** Opening Supplied data block **
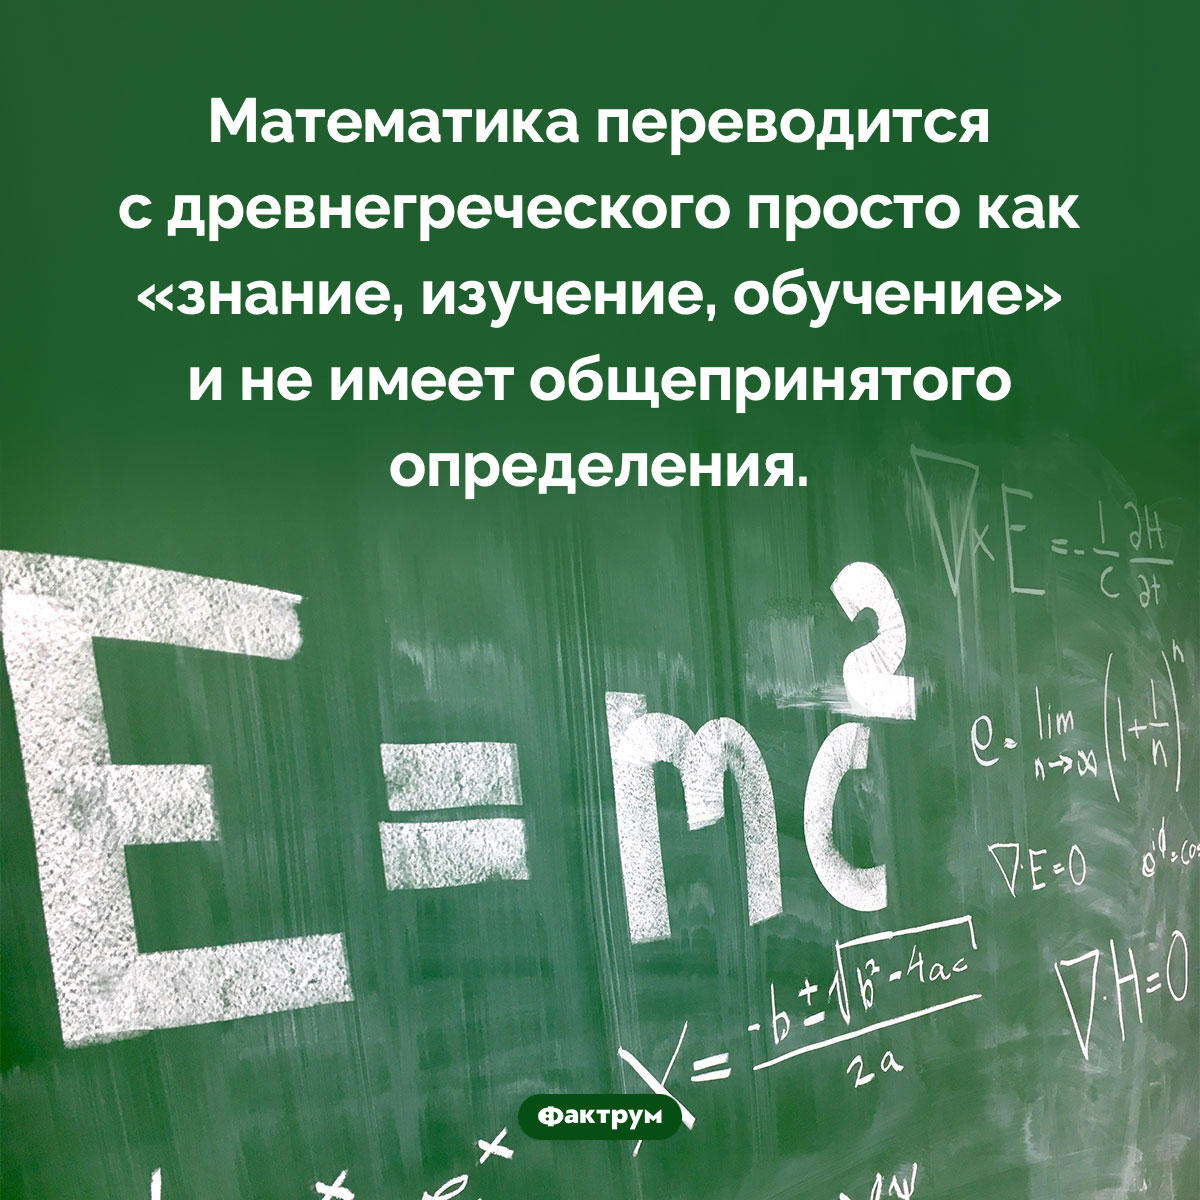 Математика не имеет общепринятого определения. Математика переводится с древнегреческого просто как «знание, изучение, обучение» и не имеет общепринятого определения.
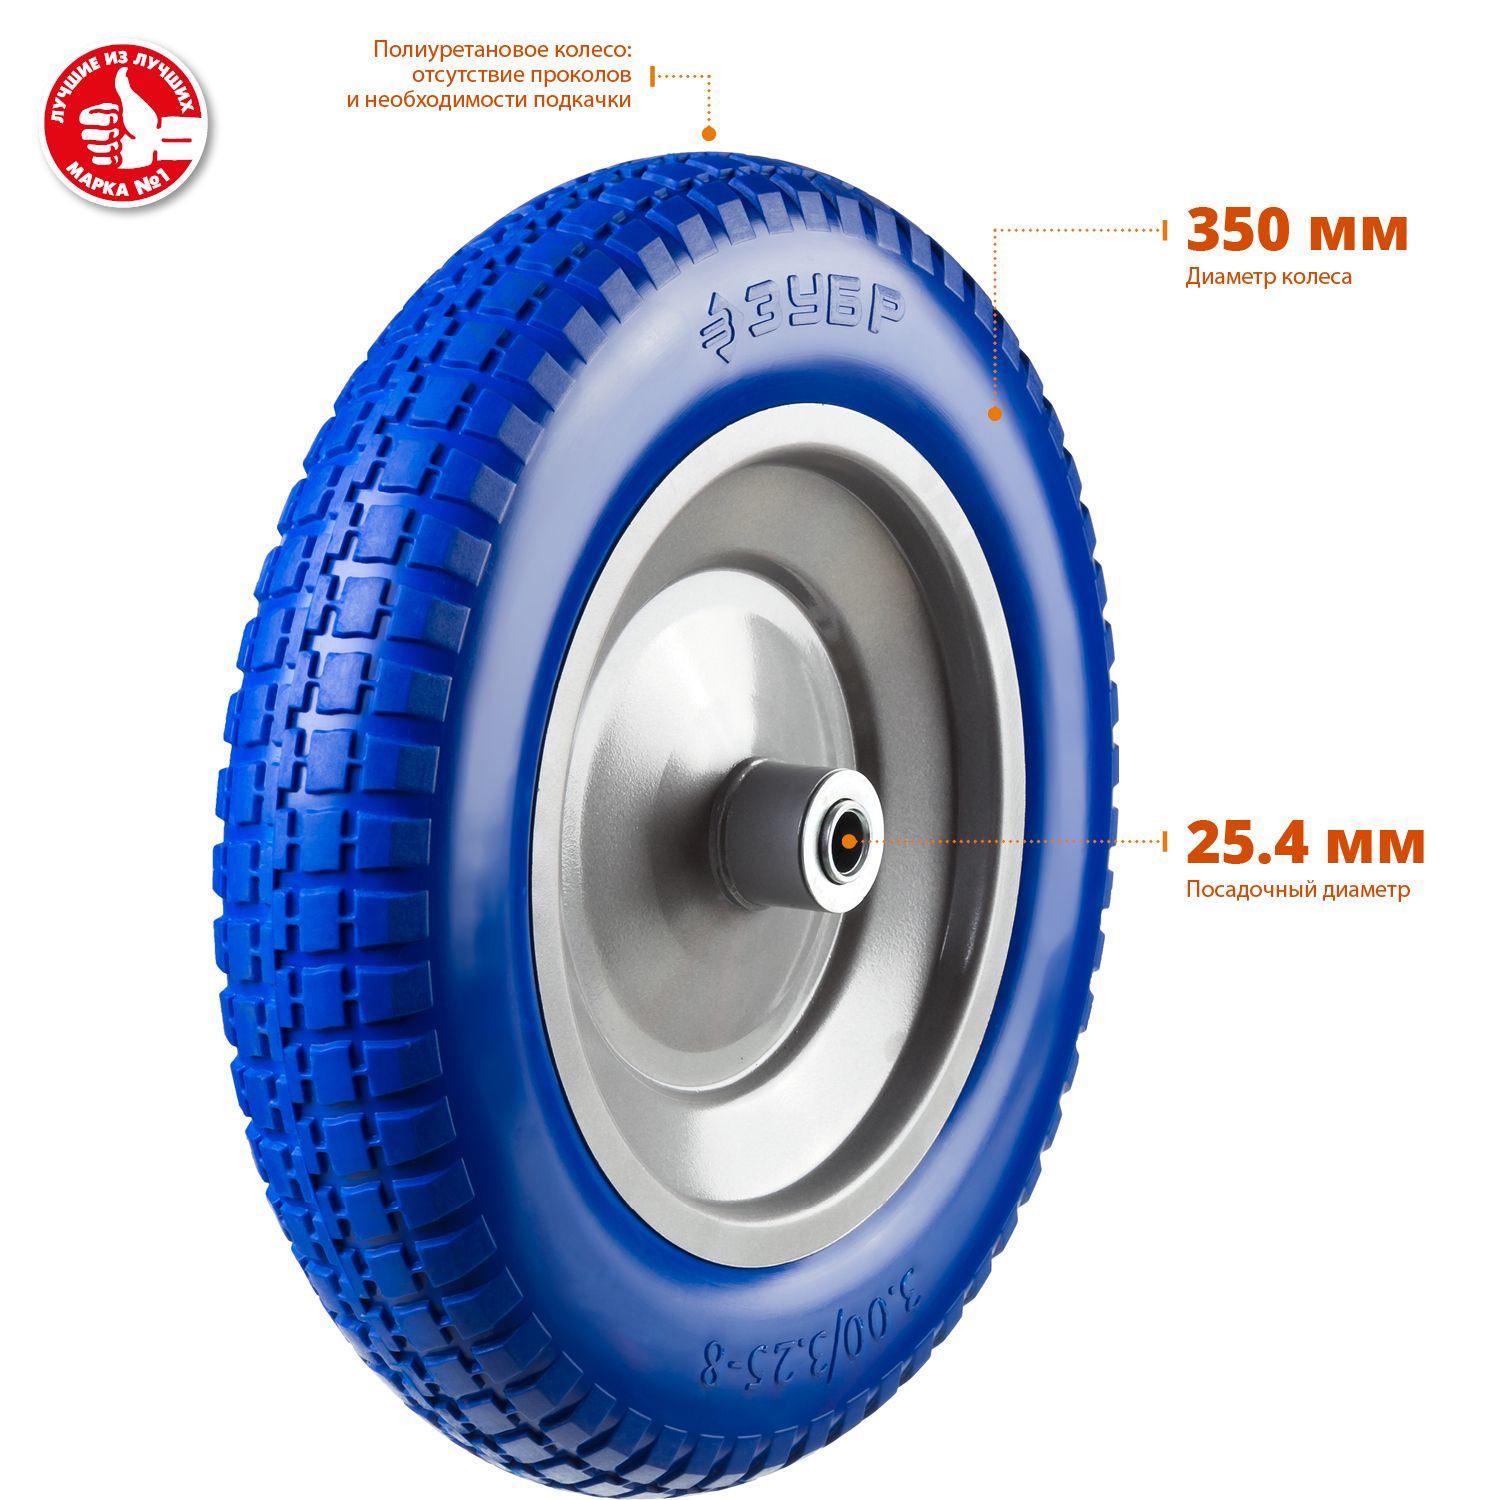 Полиуретановое колесо ЗУБР КПУ-3 350 мм для тачек (арт. 39914 39911) 399123 Зубр
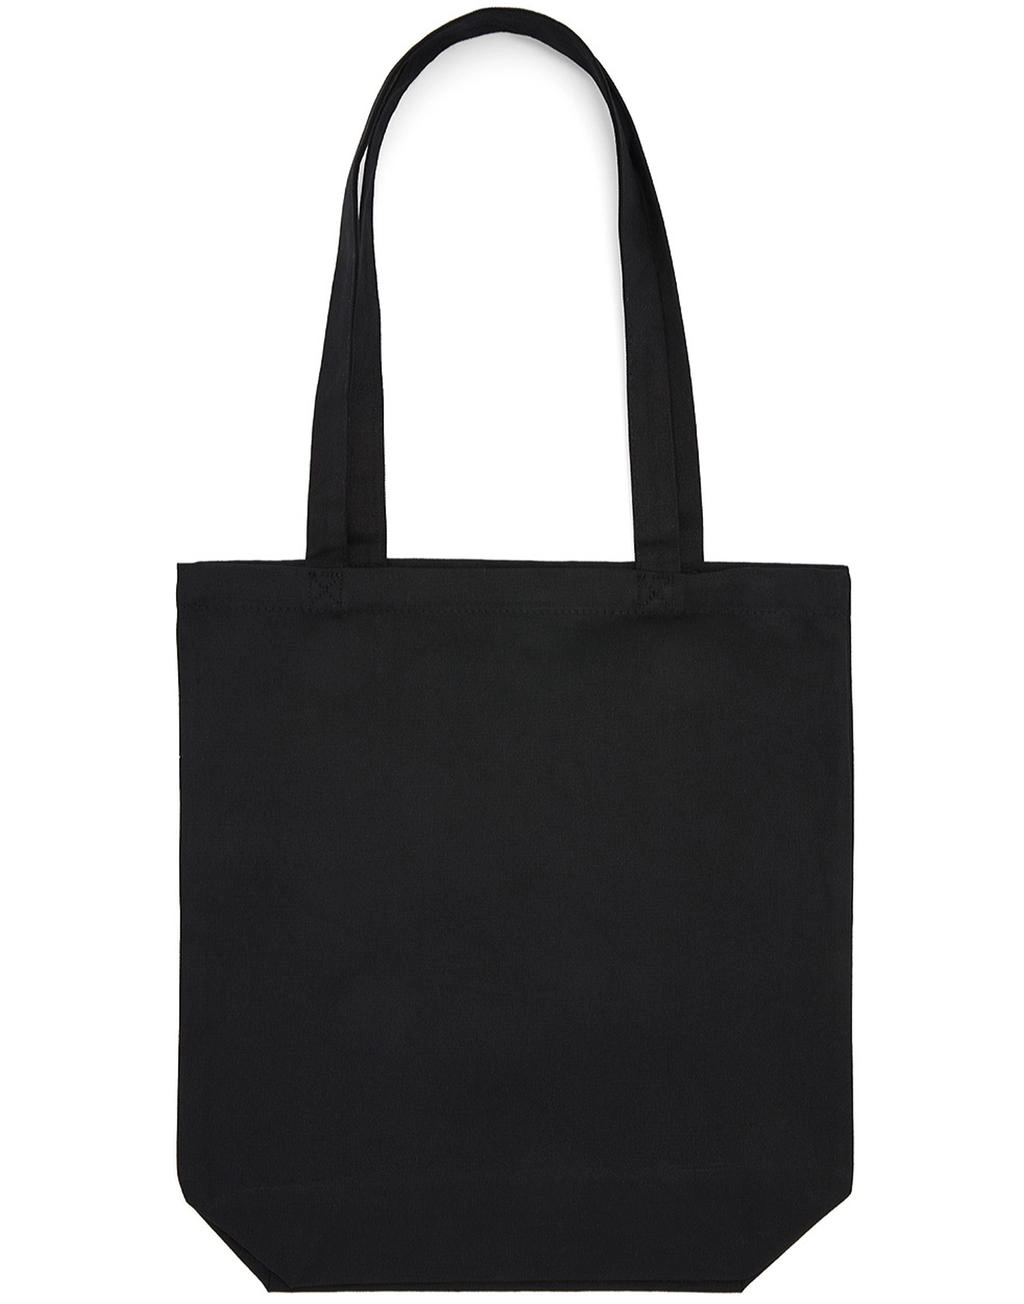 Baby Canvas Cotton Bag LH with Gusset zum Besticken und Bedrucken in der Farbe Black mit Ihren Logo, Schriftzug oder Motiv.
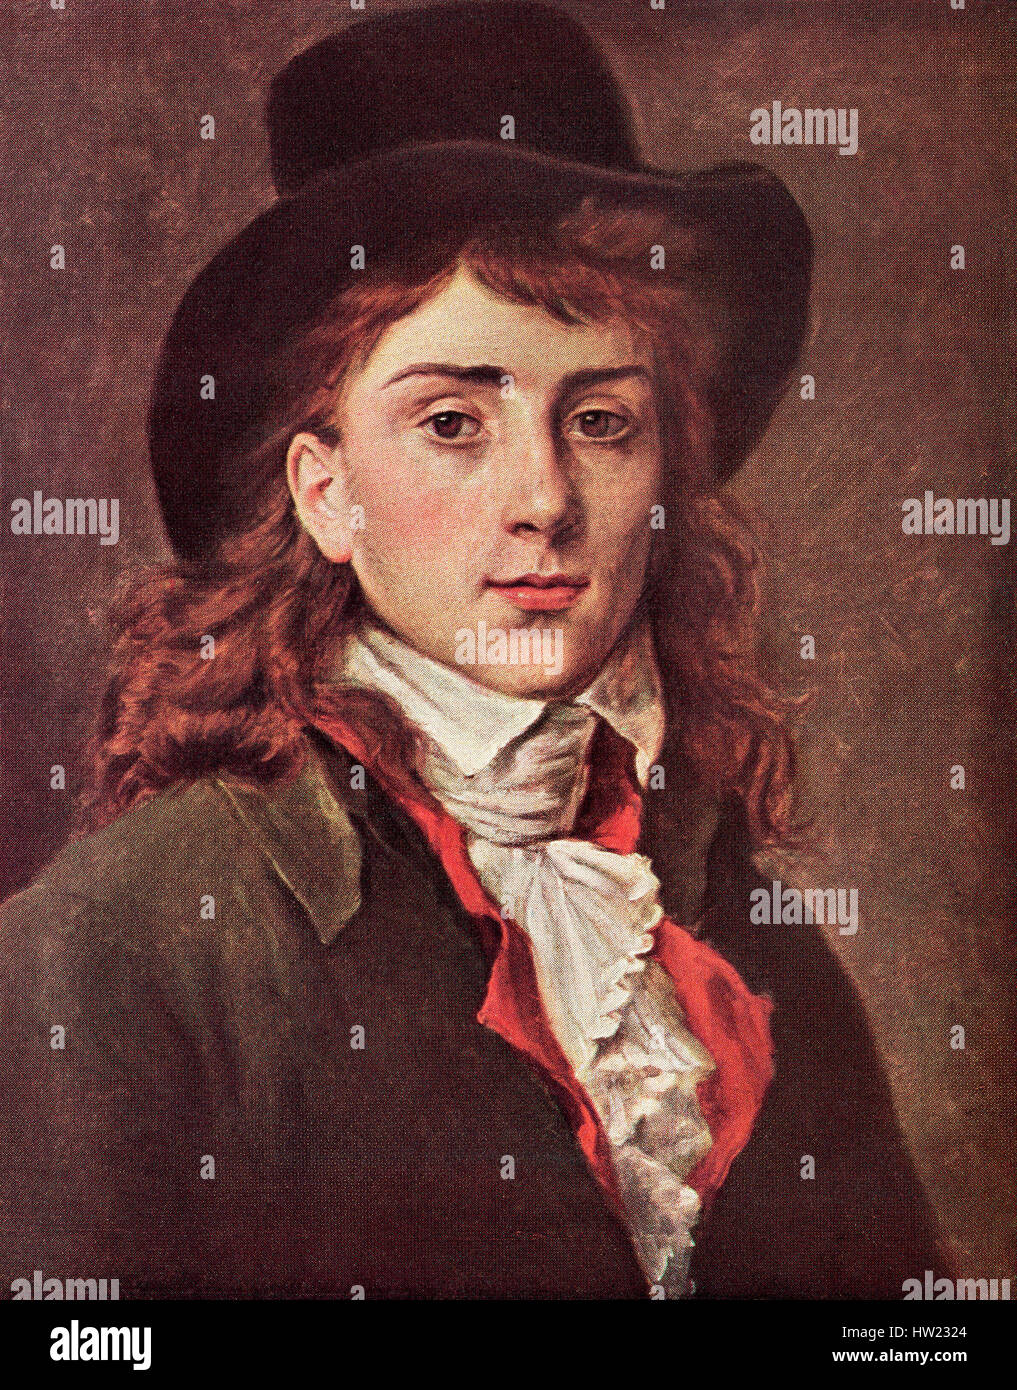 Antoine-Jean Gros, 1771 - 1835, aka Baron Gros. La storia della Francia e pittore neoclassico. . Foto Stock
** Closing Supplied data block **
Every line between the start of the listing and the line containing "Полиуретановое колесо ЗУБР", both ends counted, needs to be printed exactly, minus the pictures.

 Математика не имеет общепринятого определения. Математика переводится с древнегреческого просто как «знание, изучение, обучение» и не имеет общепринятого определения.
 Полиуретановое колесо ЗУБР КПУ-3 350 мм для тачек (арт. 39914 39911) 399123 Зубр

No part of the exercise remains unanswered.